National Multiple Sclerosis Awareness Month
BISMARCK, N.D. (KFYR) - March is National Multiple Sclerosis Awareness Month. Multiple sclerosis or MS is an immune-mediated disease which means that there is an abnormal response of the body’s immune system that causes the disease. The immune system attacks the central nervous system by mistake.
Nettie Lindvig of Bismarck has been living with MS since 2003. Before being fully diagnosed, she noticed something was not right.
“I had been having trouble getting in and out of my car, I would have to lift my leg to get into my car. One day, the left side of my face went numb and that was the side I was having trouble with my legs. By the end of the day, the whole left side of my head was numb,” said Lindvig.

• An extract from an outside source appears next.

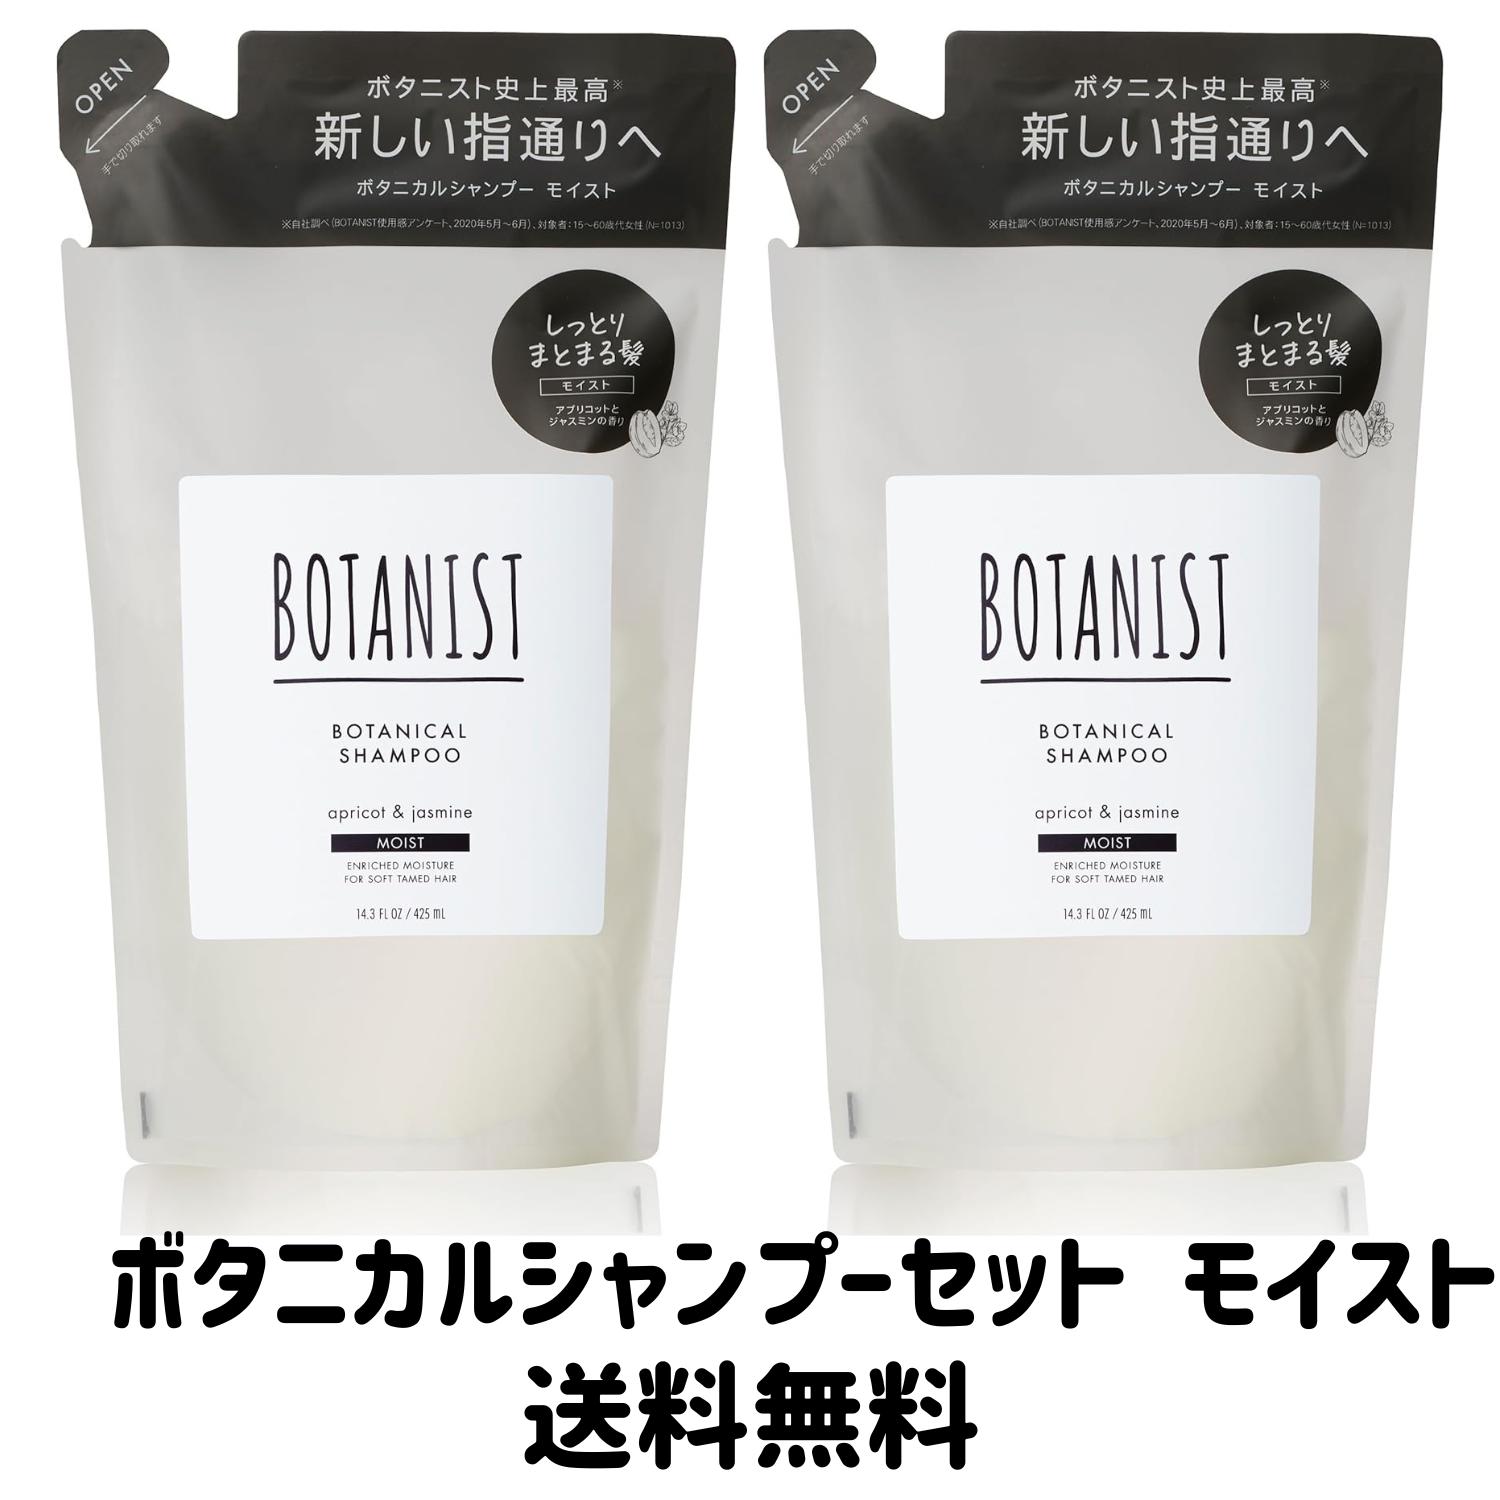 【ゲリラ特価セール】BOTANIST ボタニスト ボタニカル シャンプー モイスト しっとりまとまる髪 アプリコットとジャスミンの香り 425mL 2袋セット

After many doctor visits, neurology visits, tests, and an MRI of her brain, it was determined that the symptoms she was having were the result of MS. The next phase was treatment. There are medications that help to slow the progression of the disease and they are getting better each time, but it’s a lot of trial and error.

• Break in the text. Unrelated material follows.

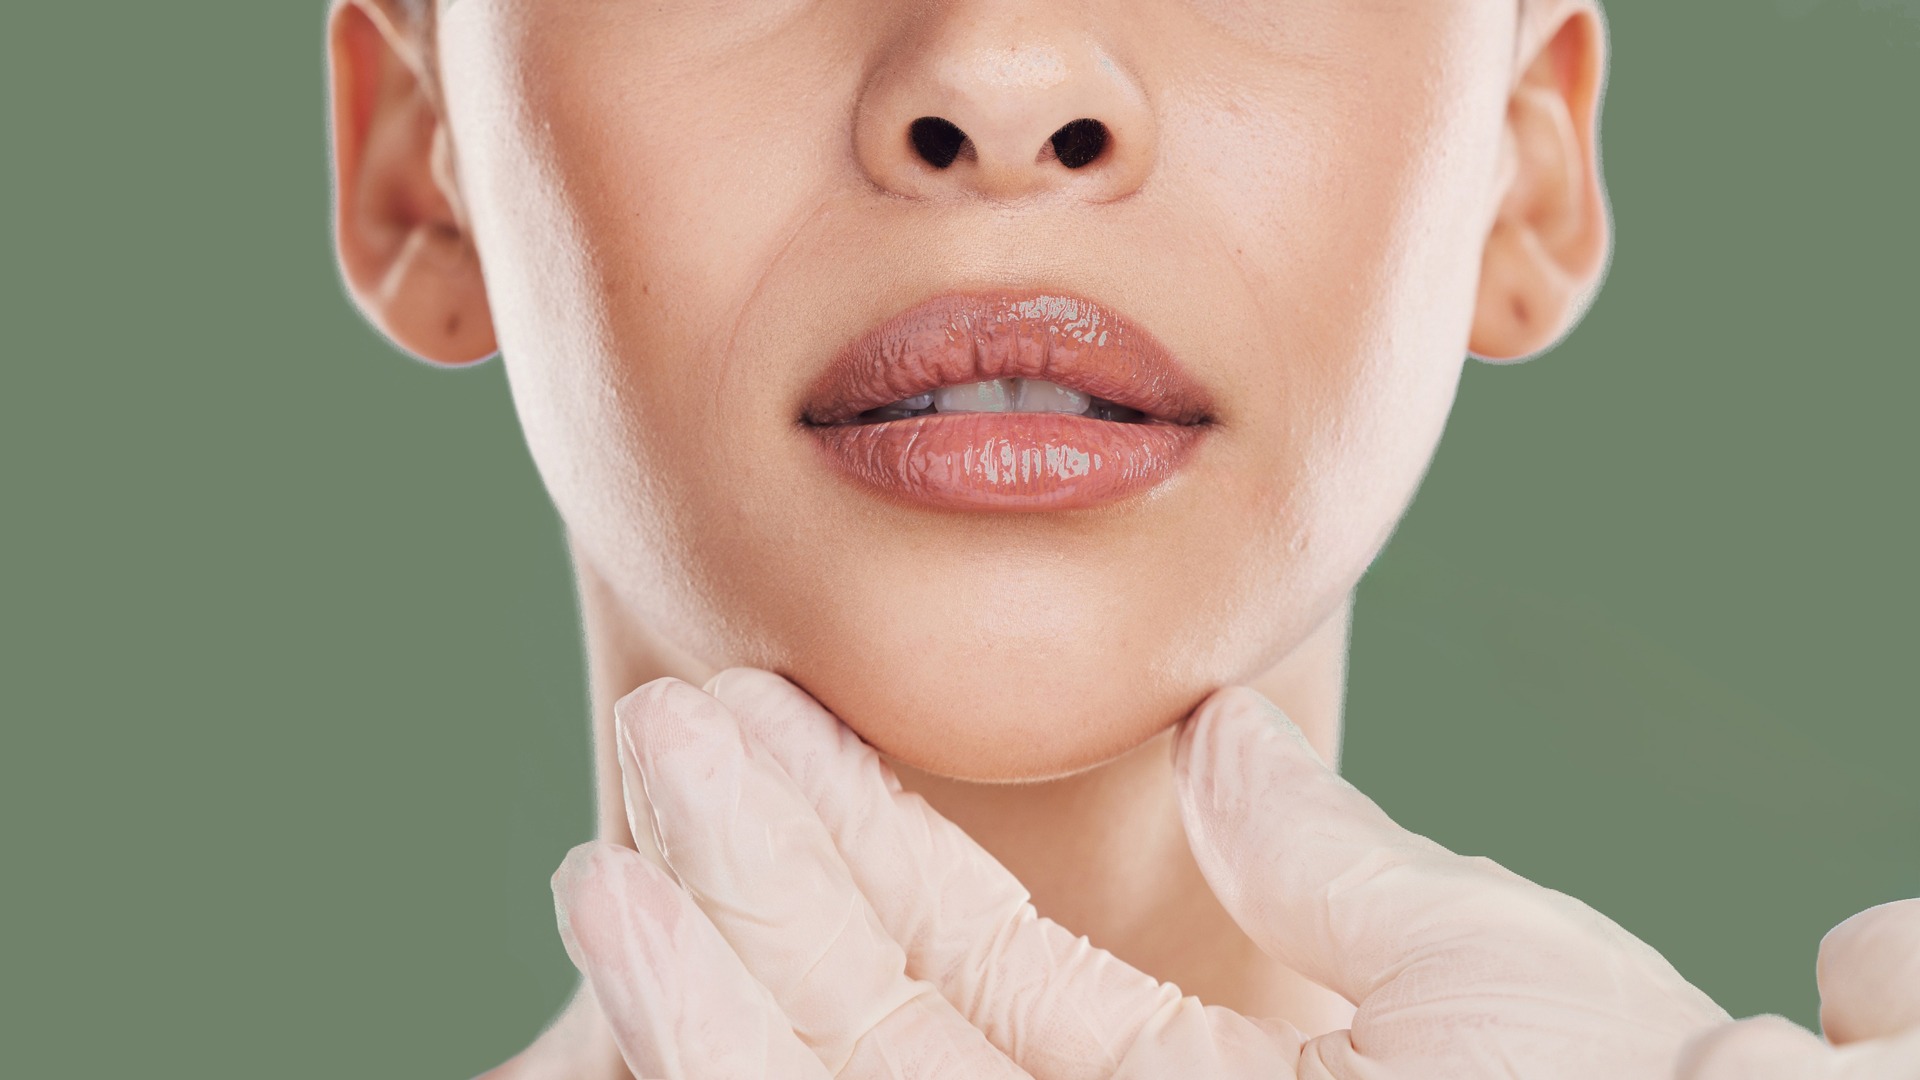 Πόσο διαρκεί η χρήση υαλουρονικού οξέος στα χείλη;

“I have been on, I think this is my sixth medication since I was diagnosed. Some of the times you go to have your check-up and MRI and something may be new and there’s new lesions, so then they change your medication because the medication isn’t working anymore,” said Lindvig.
Although she does not know how she will feel physically every day, Lindvig attends weekly classes at the Missouri Valley YMCA where a class called MS Strong meets. The program brings resources to those with MS in the community.
“We focus on education for those, providing resources, we hope to provide social engagements, so strengthening the community that we already have for those with MS. As well as providing exercise, so a dedicated class where they can come with peers that they can increase their wellness, functional capacity, and quality of life,” said McKaela Halvorson, group fitness director at the Missouri Family YMCA and Mandan Family Wellness.
Lindvig could have easily given up and become secluded, but instead, she decided to become aware of the disease she was living with. She conducted research on MS which lead her to find the National MS Society. She became an MS advocate, coordinated walks, and even has spoken with politicians about the disease.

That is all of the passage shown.